Repeat the entries word for word. Leave nothing out.

====== Information ======

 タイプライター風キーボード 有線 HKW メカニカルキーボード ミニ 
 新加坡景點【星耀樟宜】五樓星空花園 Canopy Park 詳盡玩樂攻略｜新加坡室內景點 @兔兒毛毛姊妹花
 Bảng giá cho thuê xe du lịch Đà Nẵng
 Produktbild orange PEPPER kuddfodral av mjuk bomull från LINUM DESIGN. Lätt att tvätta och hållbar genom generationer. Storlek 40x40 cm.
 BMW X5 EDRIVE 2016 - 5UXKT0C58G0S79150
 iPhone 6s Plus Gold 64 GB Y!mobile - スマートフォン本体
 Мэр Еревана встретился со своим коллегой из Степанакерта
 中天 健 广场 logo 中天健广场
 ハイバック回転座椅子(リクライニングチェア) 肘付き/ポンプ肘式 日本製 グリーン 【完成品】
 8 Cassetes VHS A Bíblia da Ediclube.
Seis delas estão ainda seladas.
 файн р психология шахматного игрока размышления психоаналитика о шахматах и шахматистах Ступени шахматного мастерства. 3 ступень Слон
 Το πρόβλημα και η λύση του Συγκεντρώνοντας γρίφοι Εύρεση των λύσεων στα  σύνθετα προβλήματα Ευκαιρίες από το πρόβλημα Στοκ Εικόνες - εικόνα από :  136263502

======

== Output of the exercise ==
 タイプライター風キーボード 有線 HKW メカニカルキーボード ミニ 
 新加坡景點【星耀樟宜】五樓星空花園 Canopy Park 詳盡玩樂攻略｜新加坡室內景點 @兔兒毛毛姊妹花
 Bảng giá cho thuê xe du lịch Đà Nẵng
 Produktbild orange PEPPER kuddfodral av mjuk bomull från LINUM DESIGN. Lätt att tvätta och hållbar genom generationer. Storlek 40x40 cm.
 BMW X5 EDRIVE 2016 - 5UXKT0C58G0S79150
 iPhone 6s Plus Gold 64 GB Y!mobile - スマートフォン本体
 Мэр Еревана встретился со своим коллегой из Степанакерта
 中天 健 广场 logo 中天健广场
 ハイバック回転座椅子(リクライニングチェア) 肘付き/ポンプ肘式 日本製 グリーン 【完成品】
 8 Cassetes VHS A Bíblia da Ediclube.
Seis delas estão ainda seladas.
 файн р психология шахматного игрока размышления психоаналитика о шахматах и шахматистах Ступени шахматного мастерства. 3 ступень Слон
 Το πρόβλημα και η λύση του Συγκεντρώνοντας γρίφοι Εύρεση των λύσεων στα  σύνθετα προβλήματα Ευκαιρίες από το πρόβλημα Στοκ Εικόνες - εικόνα από :  136263502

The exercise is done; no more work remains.